Several organizations and companies have actually used SODAS to provide their own data distribution and management services. Figure 16 shows four real sites using SODAS for the actual service. Figure 16ⓐ is a Data Store operated by KDATA, and currently open data platforms in more than 16 countries are linked, supporting transactions of files, APIs, and image data. Figure 16ⓑ shows a financial data exchange market of the Financial Security Institute and it applied SODAS to manage the sales/purchase of data in the financial field. Figure 16ⓒ, PartnerHub, is the environmental open data hub of the PARTNER project for medical data. Figure 16ⓓ shows the cultural big data platform of Korea Culture Information Service Agency. These organizations have built their own sites based on SODAS to collect, register, and sell big data in the relevant field, and are actively promoting and operating concurrently to promote data sharing in their specific fields.

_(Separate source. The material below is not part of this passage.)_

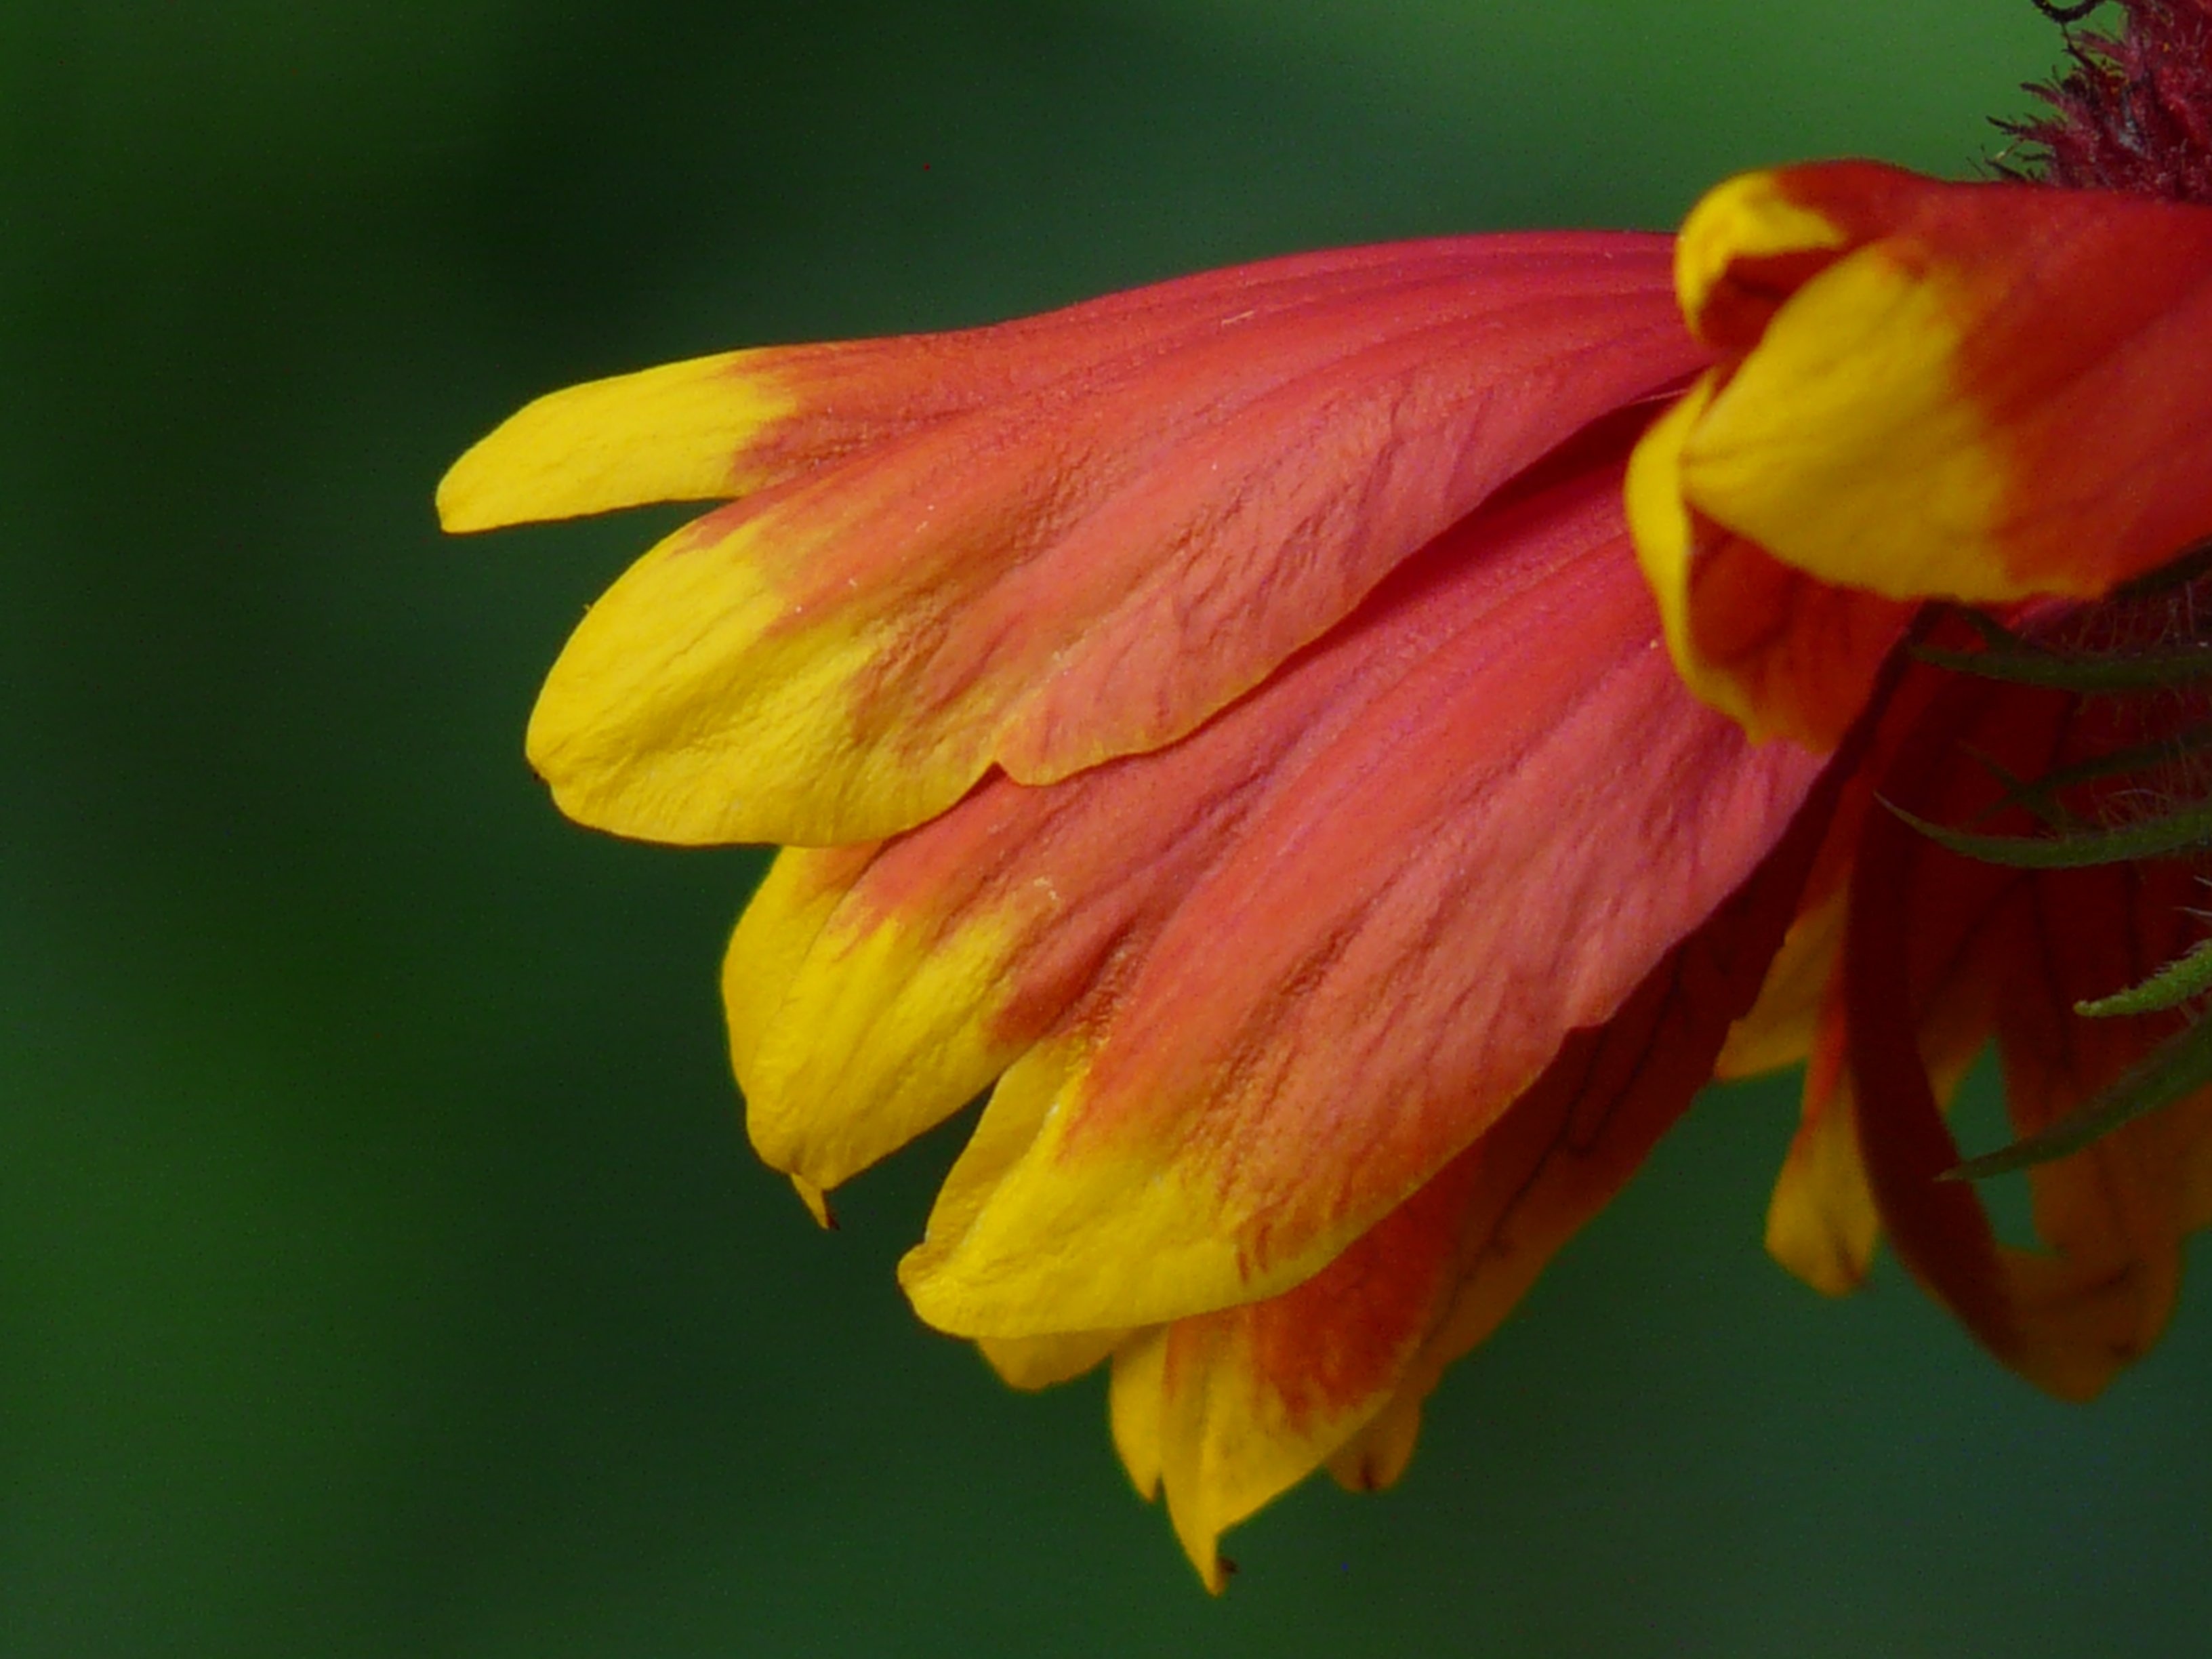 red and yellow flower with petals

To show how the application site utilizes SODAS, we describe PartnerHub in more detail. PartnerHub is a data analysis portal in the medical field based on SODAS as shown in Figure 17. The main users of PartnerHub are doctors, medical scientists, and patients, and the platform provides data construction, analysis, and decision support functions based on the patient’s medical information. Since data security is very important in the medical field, the platform strengthens user authentication by combining Single Sign-On (SSO) with SODAS. PartnerHub is one of the representative examples of applying SODAS to the private environment.

6. Conclusions

In this study, we designed and implemented SODAS, a novel open data platform, based on CKAN and DCATv2 to share open data more actively and easily. First, after our extensive analysis of the legacy CKAN, we presented five problems, and then we introduced three core strategies to solve these problems. Second, based on the proposed core strategies, we newly defined SODAS as four components. Third, we further defined nine function blocks in detail to actually develop the four components and implemented the blocks as open-source to confirm the functions of SODAS. Fourth, we applied and operated SODAS to data distribution services of several actual domains and proved its practical effectiveness as a data hub. We believe that SODAS is the first attempt to activate the data hub and improve data utilization without domain restrictions based on the CKAN expansion and extendable DataMap. SODAS is also an all-in-one platform for storing, managing, analyzing, and distributing real-time IoT data generated at high-speed and large volumes, and can contribute to data acquisition and release in various fields such as healthcare, energy, and smart cities. In the future, we plan to clearly derive the general problems of open data platforms and present an improved version of SODAS as a solution for these problems. We will also study the application of high-performance communication technologies, such as Remote Direct Memory Access (RDMA), to improve the overall performance of SODAS, as it is a modular structure. Afterward, we will evaluate the user-side execution performance of the improved SODAS and prove that SODAS can be effectively utilized in real services.

Author Contributions

Author Conceptualization, formal analysis, and software, H.W. and J.H.; writing—original draft preparation and editing, M.-S.G.; writing—review, editing and validation, Y.-S.M. All authors have read and agreed to the published version of the manuscript.

Funding

This work was partly supported by the Institute of Information & communications Technology Planning & Evaluation(IITP) grant funded by the Korean government(MSIT) (No. 2020-0-00077, Core Technology Development for Intelligently Searching and Utilizing Big Data based on DataMap) and the Korea Institute for Advancement of Technology(KIAT) grant funded by the Korea government(MOTIE) (No. N0002452, PARTNER: Patient-care Advancement with Responsive Technologies aNd Engagement togetheR).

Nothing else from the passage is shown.